Structural insights into a dual-specificity histone demethylase ceKDM7A from Caenorhabditis elegans

Histone lysine methylation can be removed by JmjC domain-containing proteins in a sequence- and methylation-state-specific manner. However, how substrate specificity is determined and how the enzymes are regulated were largely unknown. We recently found that ceKDM7A, a PHD- and JmjC domain-containing protein, is a histone demethylase specific for H3K9me2 and H3K27me2, and the PHD finger binding to H3K4me3 guides the demethylation activity in vivo. To provide structural insight into the molecular mechanisms for the enzymatic activity and the function of the PHD finger, we solved six crystal structures of the enzyme in apo form and in complex with single or two peptides containing various combinations of H3K4me3, H3K9me2, and H3K27me2 modifications. The structures indicate that H3K9me2 and H3K27me2 interact with ceKDM7A in a similar fashion, and that the peptide-binding specificity is determined by a network of specific interactions. The geometrical measurement of the structures also revealed that H3K4me3 associated with the PHD finger and H3K9me2 bound to the JmjC domain are from two separate molecules, suggesting a trans-histone peptide-binding mechanism.

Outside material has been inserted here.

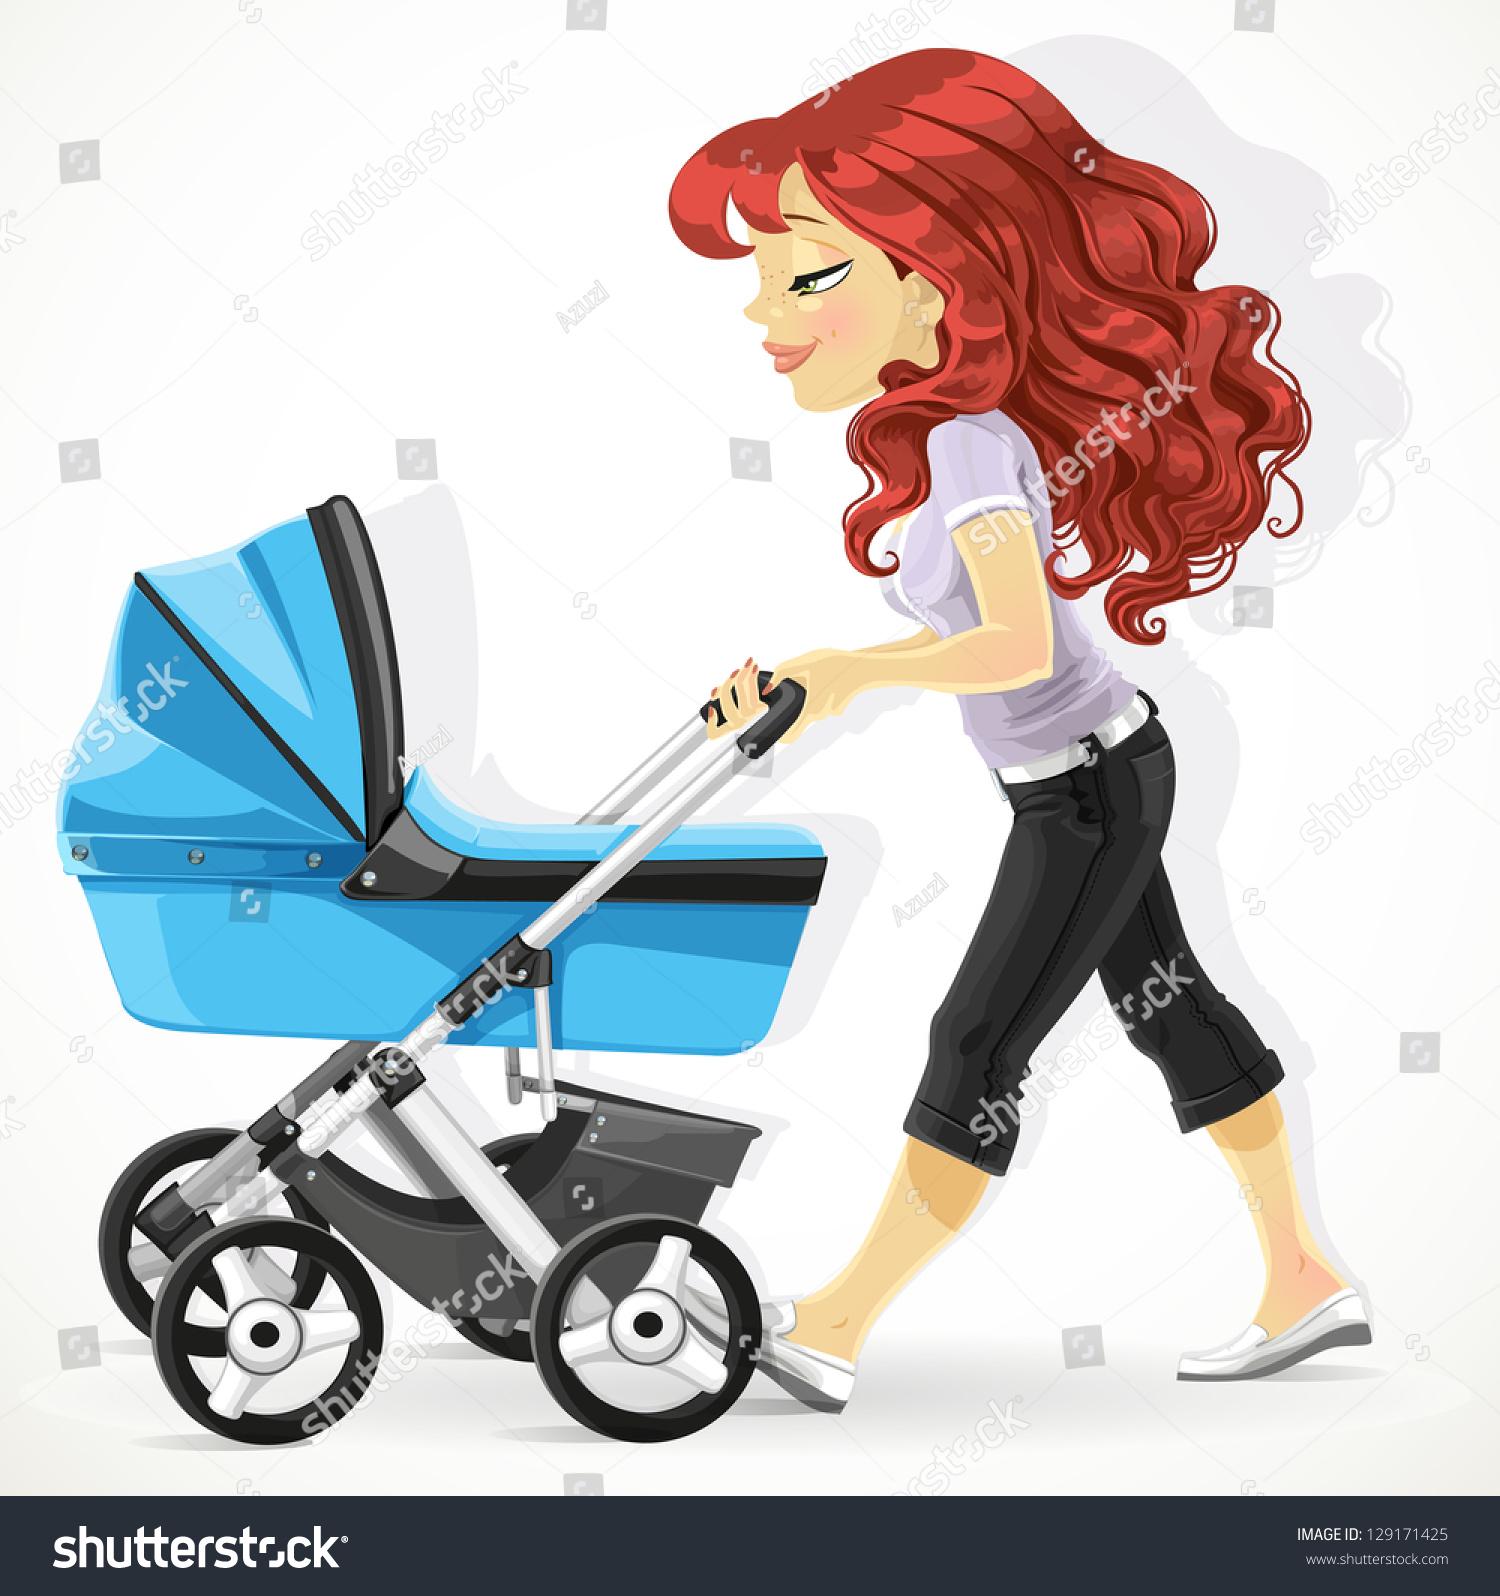 可爱的母亲带着一个蓝色婴儿车走孤立在白色背景

Thus, our systemic structural studies reveal not only the substrate recognition by the catalytic domain but also more importantly, the molecular mechanism of dual specificity of ceDKM7A for both H3K9me2 and H3K27me2.

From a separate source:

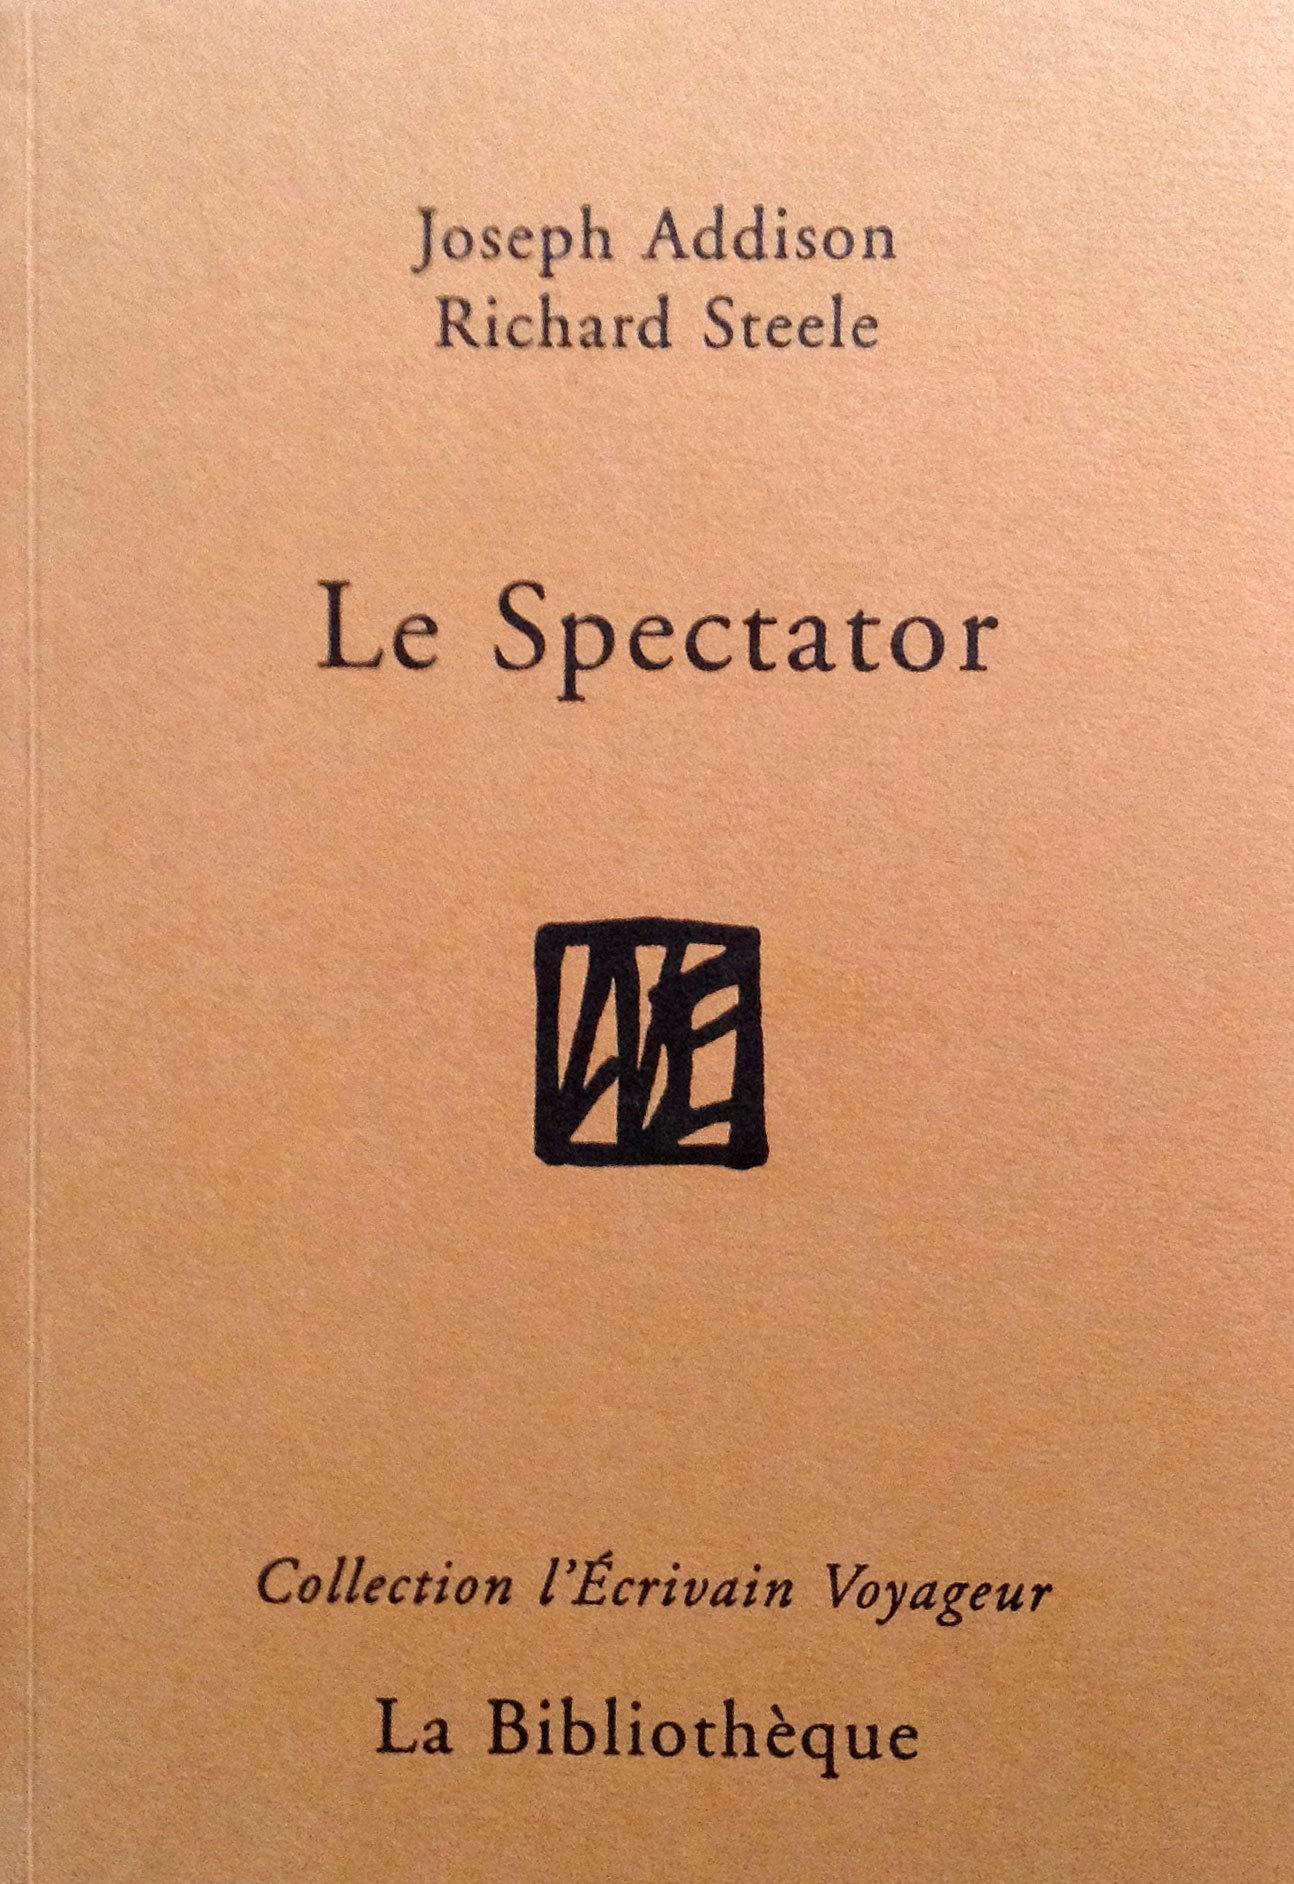 Le Spectator

Coordinated regulation of active and repressive histone methylations by a dual-specificity histone demethylase ceKDM7A from Caenorhabditis elegans

H3K9me2 and H3K27me2 are important epigenetic marks associated with transcription repression, while H3K4me3 is associated with transcription activation. It has been shown that active and repressive histone methylations distribute in a mutually exclusive manner, but the underlying mechanism was poorly understood. Here we identified ceKDM7A, a PHD (plant homeodomain)- and JmjC domain-containing protein, as a histone demethylase specific for H3K9me2 and H3K27me2. We further demonstrated that the PHD domain of ceKDM7A bound H3K4me3 and H3K4me3 co-localized with ceKDM7A at the genome-wide level. Disruption of the PHD domain binding to H3K4me3 reduced the demethylase activity in vivo, and loss of ceKDM7A reduced the expression of its associated target genes. These results indicate that ceKDM7A is recruited to the promoter to demethylate H3K9me2 and H3K27me2 and activate gene expression through the binding of the PHD domain to H3K4me3. Thus, our study identifies a dual-specificity histone demethylase and provides novel insights into the regulation of histone methylation.